Paul Kearney, |
Ships from the West
(Victor Gollancz, 2001; Ace, 2003)
This is the fifth and final book in The Monarchies of God series. Having not read the original four I was wary of approaching this volume. I needn't have worried; it stands up very well as a book in its own right, although I image that given the choice one should read the entire series in sequence.
This is fantasy at the top end of the scale. Here you can retreat from the trials and tribulations of the modern world and enter a new realm. This for me is the attraction of the genre. You can enjoy Grisham and King and the like, but even in their fiction, the real world can be detected. Not that fantasy takes us completely away. The continent of Normannia is on the verge of war. The Ramusian kingdoms endure religious differences and the savage Merduks are lurking.
As always in reviewing a book one is torn between giving the flavour of the work and not spoiling the suspense, the plot twists and the outcomes for future readers.
The book abounds with well-drawn characters -- no easy task in the fantasy world. They are superhuman but remain plausible. We have the immortal shape shifting Aruan with his deadly army. We have struggle between good and evil and between the supernatural and the traditional.

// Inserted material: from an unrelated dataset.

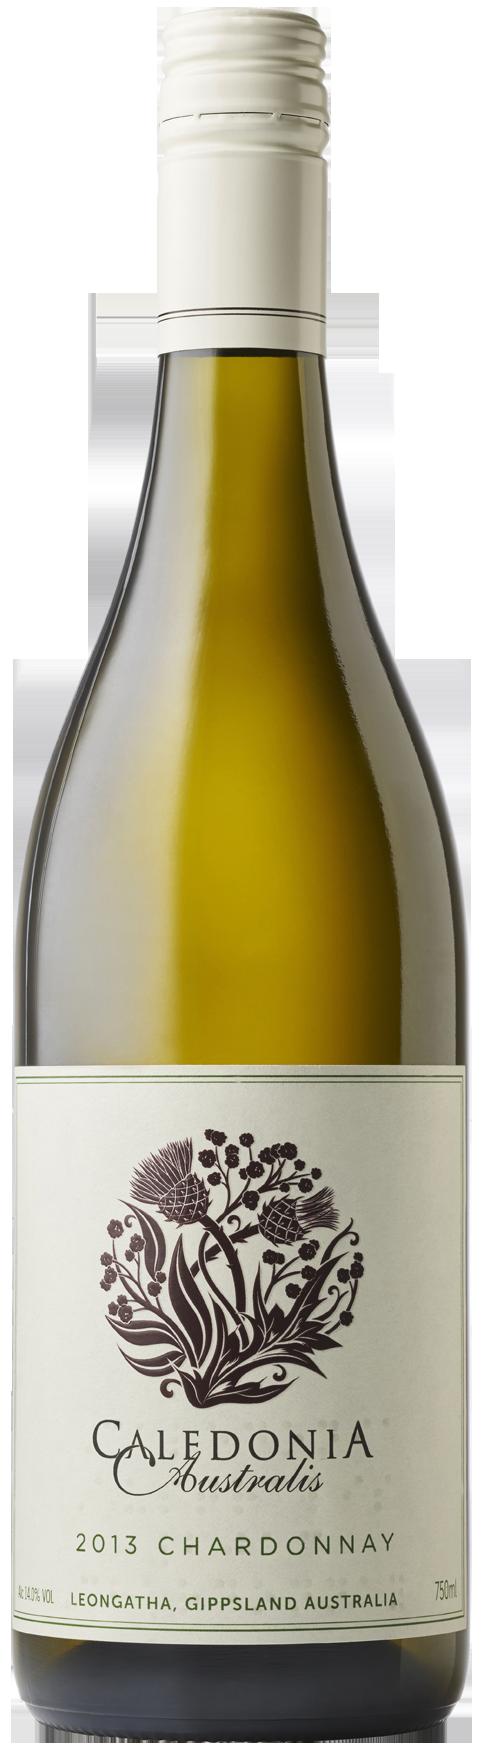 Caledonia Australis Chardonnay 2013

This is a sort of Patrick O'Brian sea-faring adventure crossed with the fantastic world of Luke Skywalker but producing a complexly new and believable -- or as believable as possible in fantasy -- cast of characters.
This was a page-turner in every sense and I read it in two sittings. It might have been one but for having to work for a living.
If you enjoy fantasy you will love this book. If possible read the other volumes first but missing them is not an insurmountable obstacle.
One small request to this and other authors, a list of the characters at the front or back would help. The human mind can class Joe or Jack or Mary but in fantasy the names by their nature tend to unusual and we poor mortals can lose the plot.